Keywords: Civil responsability. Iatrogeny. Medical error. Medical Professionals.

 

1 INTRODUÇÃO

Este artigo objetiva abordar a área jurídica dos serviços prestados pelos profissionais da medicina, com ênfase na diferenciação entre iatrogenia e erro médico, bem como as possibilidades de imputação da responsabilidade civil para estes atos médicos.

A problemática central desse artigo, isto é, deverá o médico ser responsabilizado civilmente toda vez que o resultado alcançado, por seus atos, divergir do esperado pelo paciente e/ou seus familiares? A abordagem teórica dispõe ainda da explanação acerca do conceito de iatrogenia segundo doutrinadores das ciências médica e jurídicas, como por exemplo: Stoco (2004), Carvalho (2013), Moraes (2002), entre outros. Em seguida, foram exibidos os elementos caracterizados da iatrogenia, a diferença entre o dano iatrogênico e o dano por erro médico, as implicações jurídicas de cada um deles e outros tipos de erros existentes na área médica. Para finalizar, apresentamos a jurisprudência dos tribunais brasileiros sobre a matéria.

Na conclusão, reforçamos as principais diferenças entre a iatrogenia e o erro médico, especialmente sob o enfoque da responsabilidade civil, com o intuito de que esse sistema imponha aos profissionais médicos desestímulo a adoção de condutas inadequadas, sem, no entanto, criar mecanismos que acabem por tolher a capacidade desses profissionais em ousar e labutar dentro de limites aceitáveis, objetivando métodos alternativos, quando os tradicionais não se mostrarem eficazes.

2 IATROGENIA E ERRO MÉDICO: DIERENÇAS E SUAS IMPLICAÇÕES JURÍDICAS

2.1 A IATROGENIA COMO CONCEITO.

Segundo Lacaz (1980, p. 4) “Iatrogenia é o mal que vem da tentativa de salvação”. Destarte, podemos inferir desse conceito que, para o autor, caso ocorra algum mal durante o tratamento de um paciente, e desde que este tenha origem em uma tentativa de salvação, estaremos diante de uma situação caracterizada como iatrogenia.

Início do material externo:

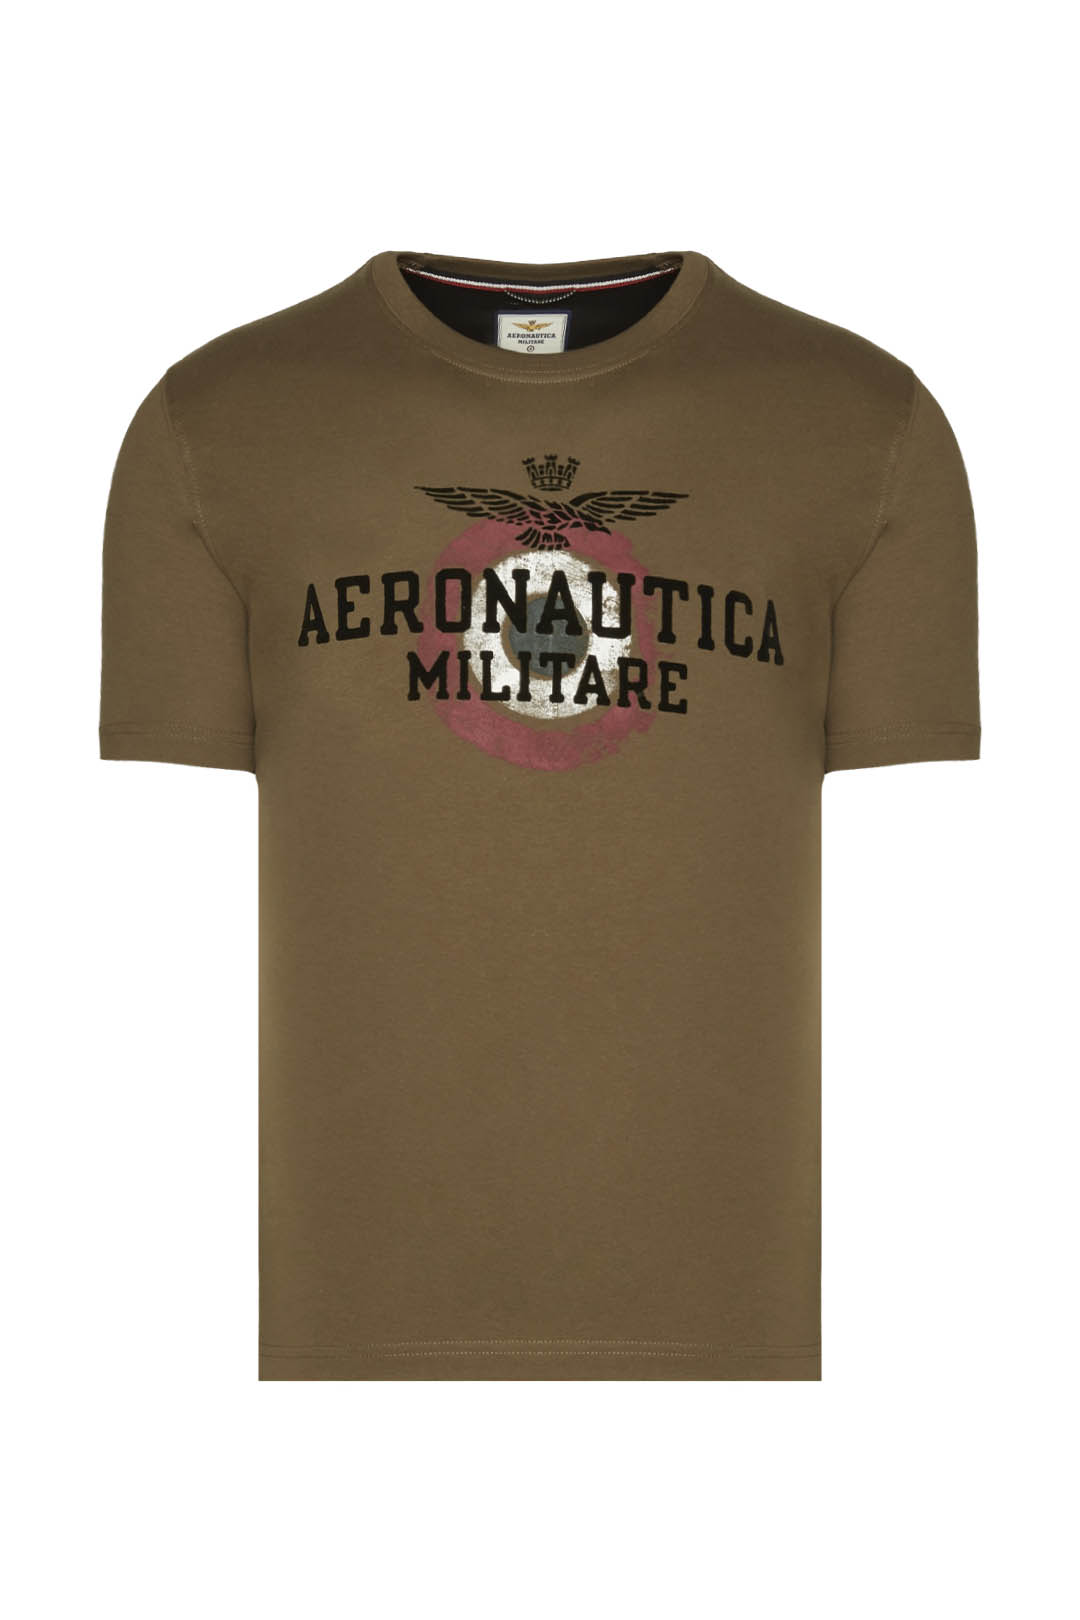 Ikonische Aeronautica Militare T-Shirt   1
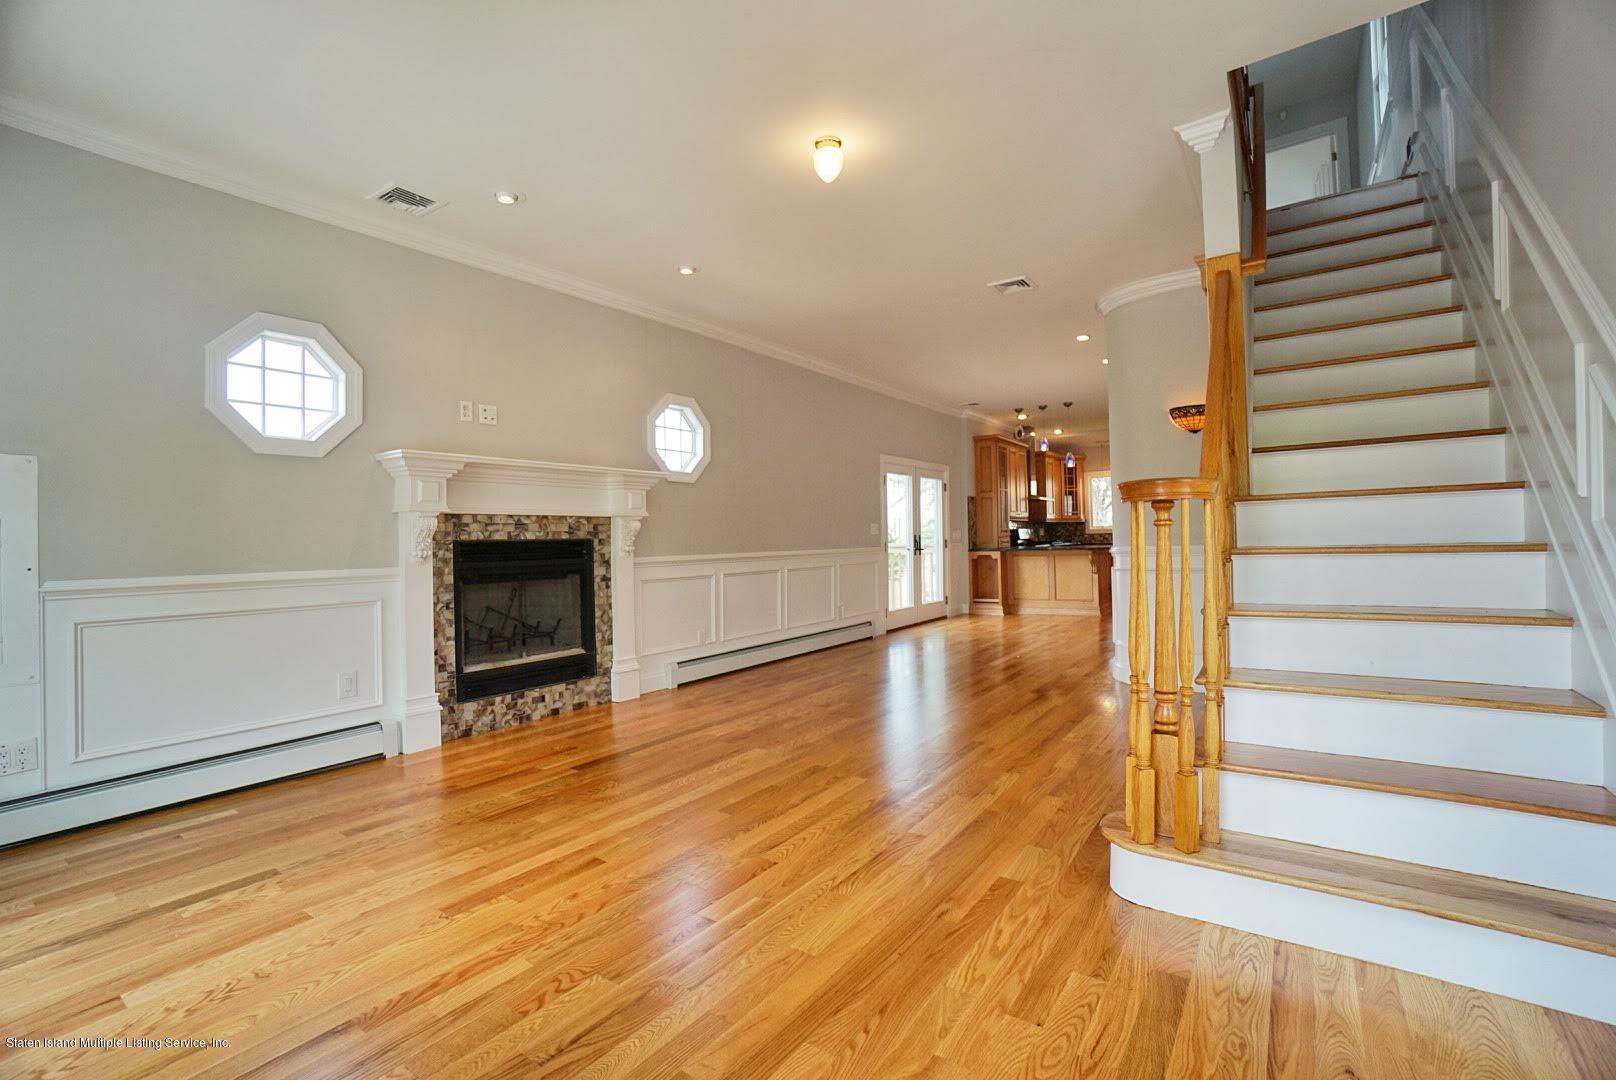 Single Family - Detached 445 Manhattan Street  Staten Island, NY 10307, MLS-1130505-4

Para Riú (1981, p.50), a iatrogenia é uma “síndrome não punível, caracterizada por um dano inculpável, no corpo ou na saúde do paciente, consequentemente de uma aplicação terapêutica, isenta de responsabilidade profissional”. Esse entendimento vai ao encontro do conceito adotado pela medicina moderna, haja vista que, para essa corrente da medicina, a obrigação do médico é cuidar da saúde do paciente, fazendo uso das técnicas apropriadas. Desse modo, o profissional da saúde assume uma obrigação de meio.

Consoante Moraes (2003, p.489), a palavra iatrogenia tem origem nas expressões gregas iatrós e génos. A primeira faz referência aos profissionais da medicina, enquanto a segunda está relacionada à origem ou geração de determinada doença ou lesão. Logo, da junção dessas duas expressões podemos inferir que a palavra iatrogenia é utilizada para indicar lesões ou doenças ocasionadas por um médico no exercício da sua profissão.

Informa Carvalho (2009, p.4) que:

As enciclopédias e dicionários médicos, de forma diversa, referem-se ao termo iatrogenia como sendo um estado anormal ou condição causada pelo médico, quando produz ansiedade ou neurose por afirmativas não judiciosas; produção ou indução de qualquer modificação nociva na condição psíquica ou somática de um paciente por meio de palavras ou ações do médico; alterações na saúde de um paciente surgidas como consequências do uso de certos medicamentos indicados pelo terapeuta; a provocação de problemas adicionais ou complicações resultantes do tratamento de um clínico ou cirurgião.

Para Gonçalves (2014, p.344), “a iatrogenia, expressão usada para indicar o dano que é causado pelo médico, ou seja, o prejuízo provocado por ato médico em pessoas sadias ou doentes, cujos transtornos são imprevisíveis e inesperados.” Segundo esse autor, tais danos estão amparados na limitação do conhecimento científico e na possibilidade de efeitos adversos, não esperados, no caso concreto.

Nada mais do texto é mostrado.